Claybourne
- Running time: 5-6 minutes per episode
- Country of origin: New Zealand
- Language: English
- Home station: Newstalk ZB
- Starring: see below
- Written by: Jim McLarty & William Davis
- Produced by: Andrew Dubber and Belinda Todd
- Original release: 1 June 1998 – unknown
- No. of episodes: 96
- Website: http://claybourne.bandcamp.com/

= Claybourne =

1998 radio drama

Claybourne is a 1998 radio drama in 96 episodes with elements of science fiction, supernatural thriller, and soap opera. The series was produced by Andrew Dubber and Belinda Todd of Pronoun Productions after the production of Ashley's Worlds.

== Plot ==

After a breakup, American Thompson is on holiday from his work for Koestler Industries and arrives in Claybourne. He starts to investigate the death of behavioural psychologist Helen, working for Koestler on a secret project with commercial as well as military applications. He teams up with Mata and Mike of the Te Whenua o Te Irirangi-people and local bartender Karen.

The show has many Māori characters and a focus on Māori culture.

== Cast ==
- Jim McLarty as Thompson, an American on vacation on New Zealand
- William Davis as Mata, a Māori kaumātua (elected tribal leader)
- Angela Bloomfield as Karen, a local bartender
- Bruce Allpress as Frank
- Melwayne Edwards as Mike
- Brenda Kendall as Edith
- Robert Pollock as Phillip

== Production ==
The sound was designed by Andrew Dubber and Sean James Donnelly. The music was performed by Victoria Kelly and Joost Langeveld.

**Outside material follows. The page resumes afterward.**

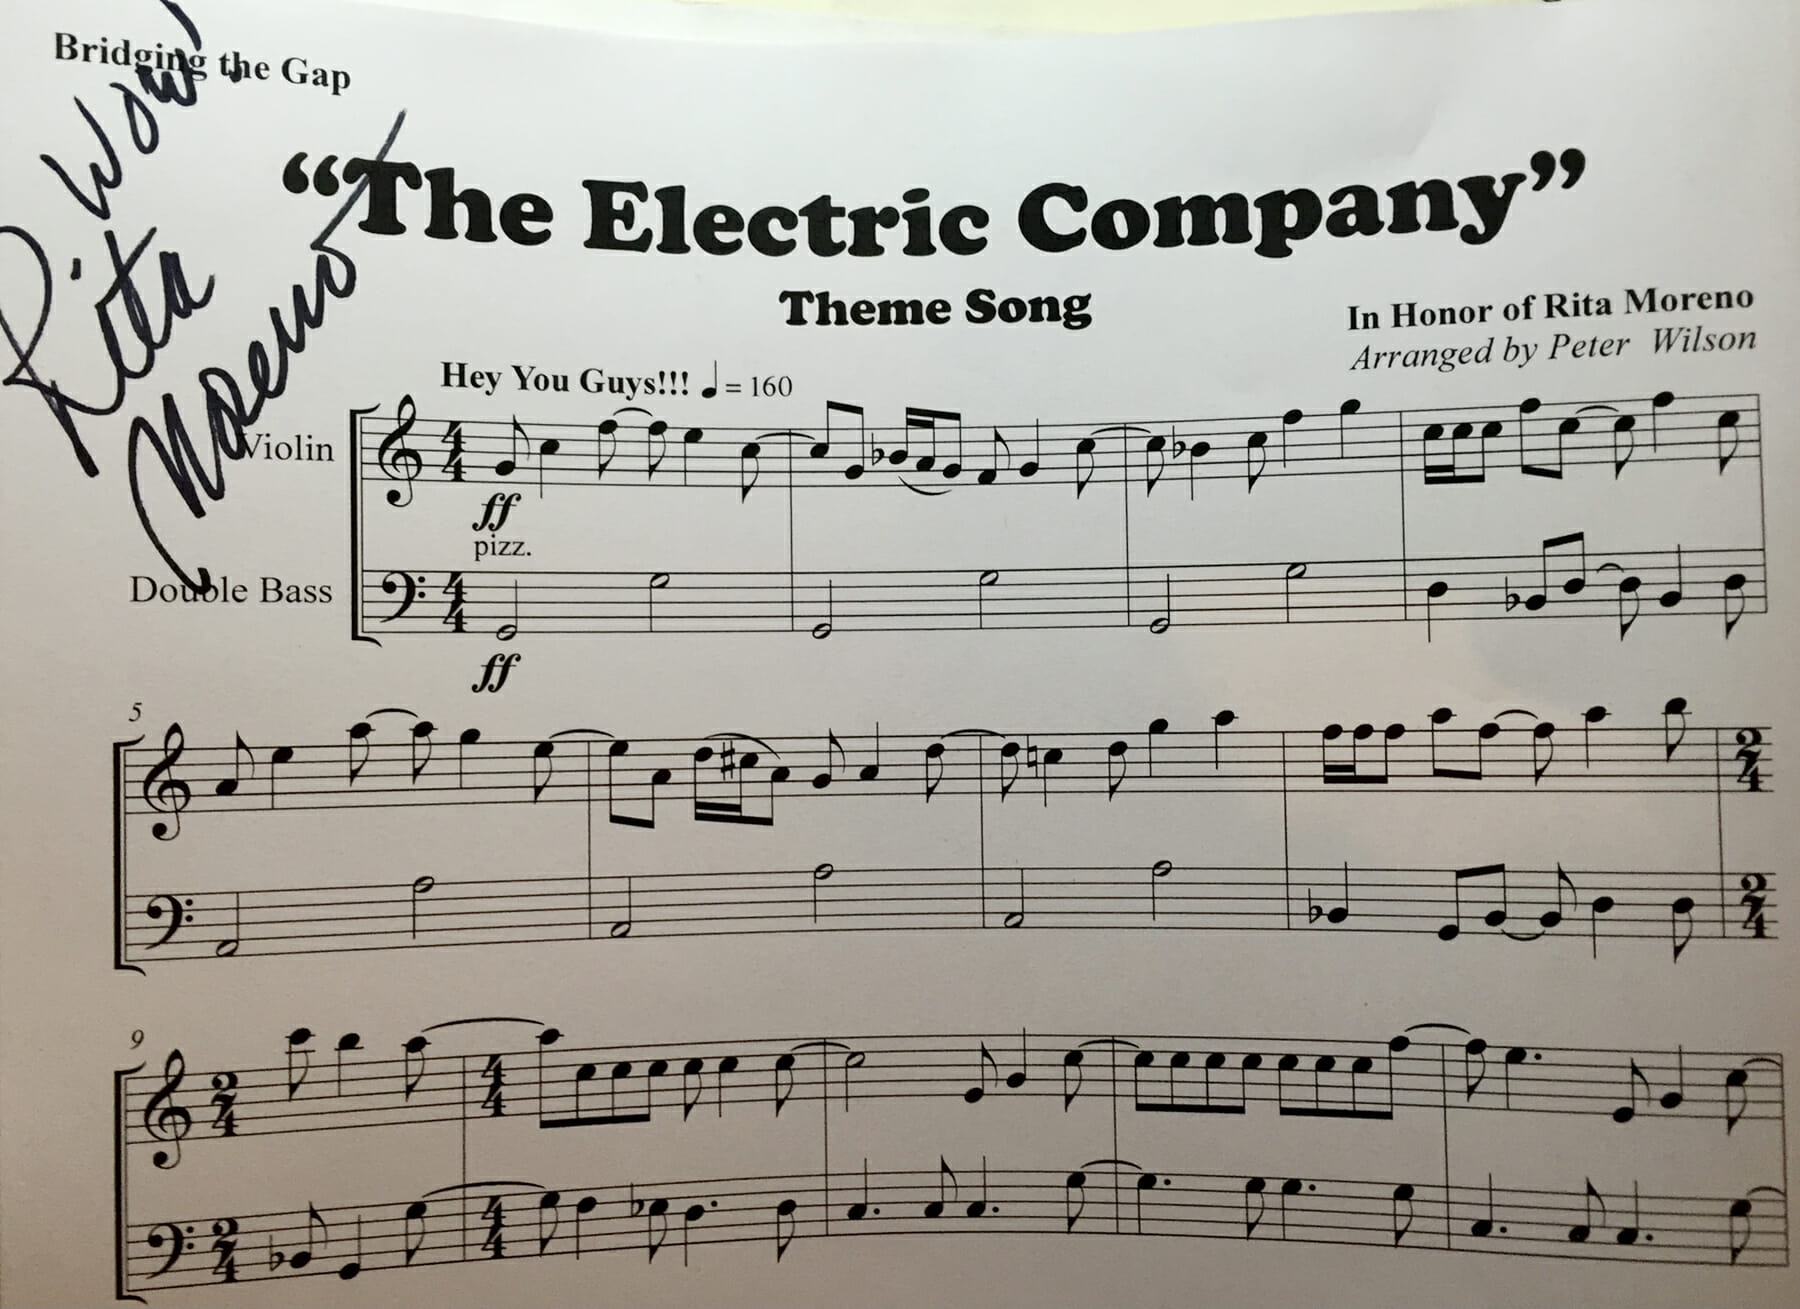 Sheet music signed by Kennedy Center Honoree Rita Morano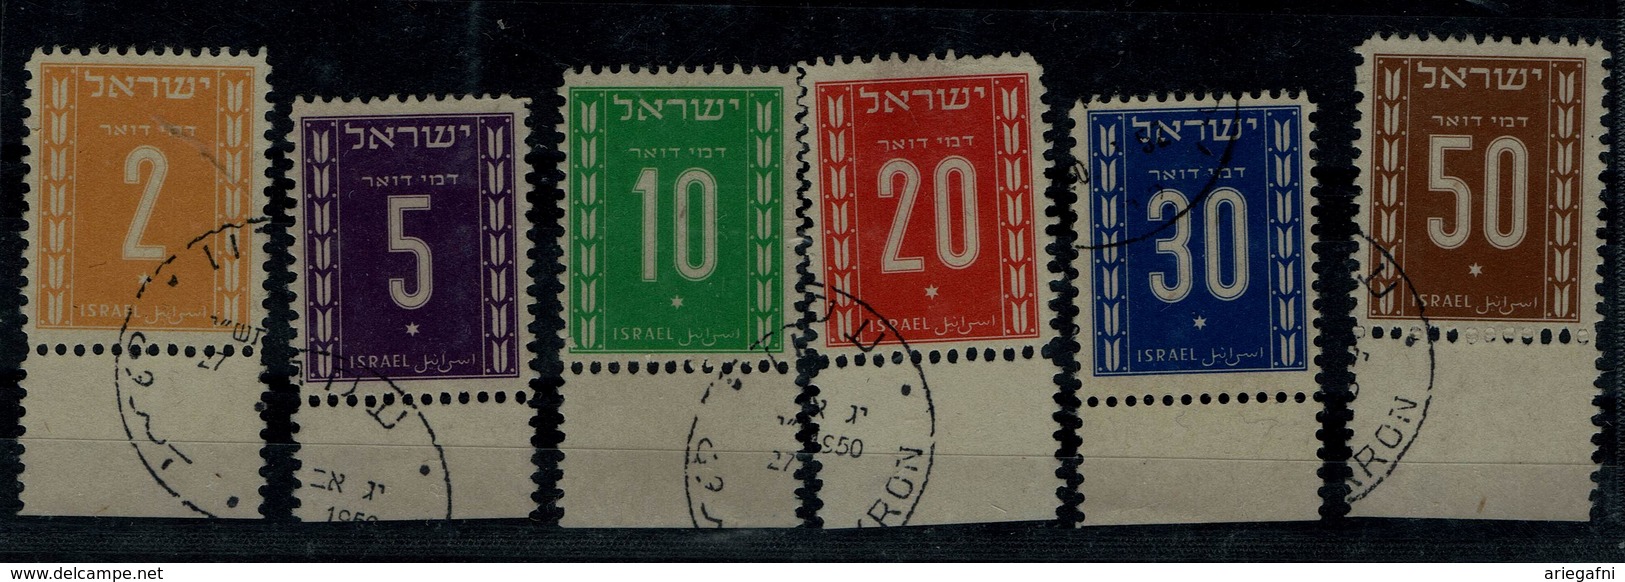 ISRAEL 1949 2nd POSTAGE DUE WITH TABS USED VF!! - Usati (con Tab)

The show was designed with a story arc spanning a full year in mind, but was cancelled after six months and ending the show on a cliffhanger. In 2006, Dubber sketched what he remembered of how the writers and producers imagined it may have continued.

== First airing and later releases ==
The show aired on the radio station Newstalk ZB four days a week just after 15:00 and with a repeat at 01:00.

The show was one of the most popular spoken word programmes on mp3.com. Andrew Dubber later released the work under a Creative Commons license (CC BY-NC) on Bandcamp as free download around 2006. In 2006 it was also distributed as podcast by the Podcast Network.

== Awards ==
Claybourne won "Best Dramatic Production of the Year" at the 1999 New Zealand Radio Awards.

== Later comments ==
In her book Revolution in the Echo Chamber: Audio Drama's Past, Present and Future (2019), Leslie Grace McMurtry wrote that Claybourne had many compelling elements: the strong pull of seriality and episodes available in digestible chunks, a seemingly infinite series of cliffhangers, centripetal storytelling, bookending litany, compelling characters, and accessibility.

She noted that the series had "taken on an afterlife probably not envisaged by its creators", and wrote that it was a testament to the series' quality that, though intended for a New Zealand audience, it had become globally engrossing.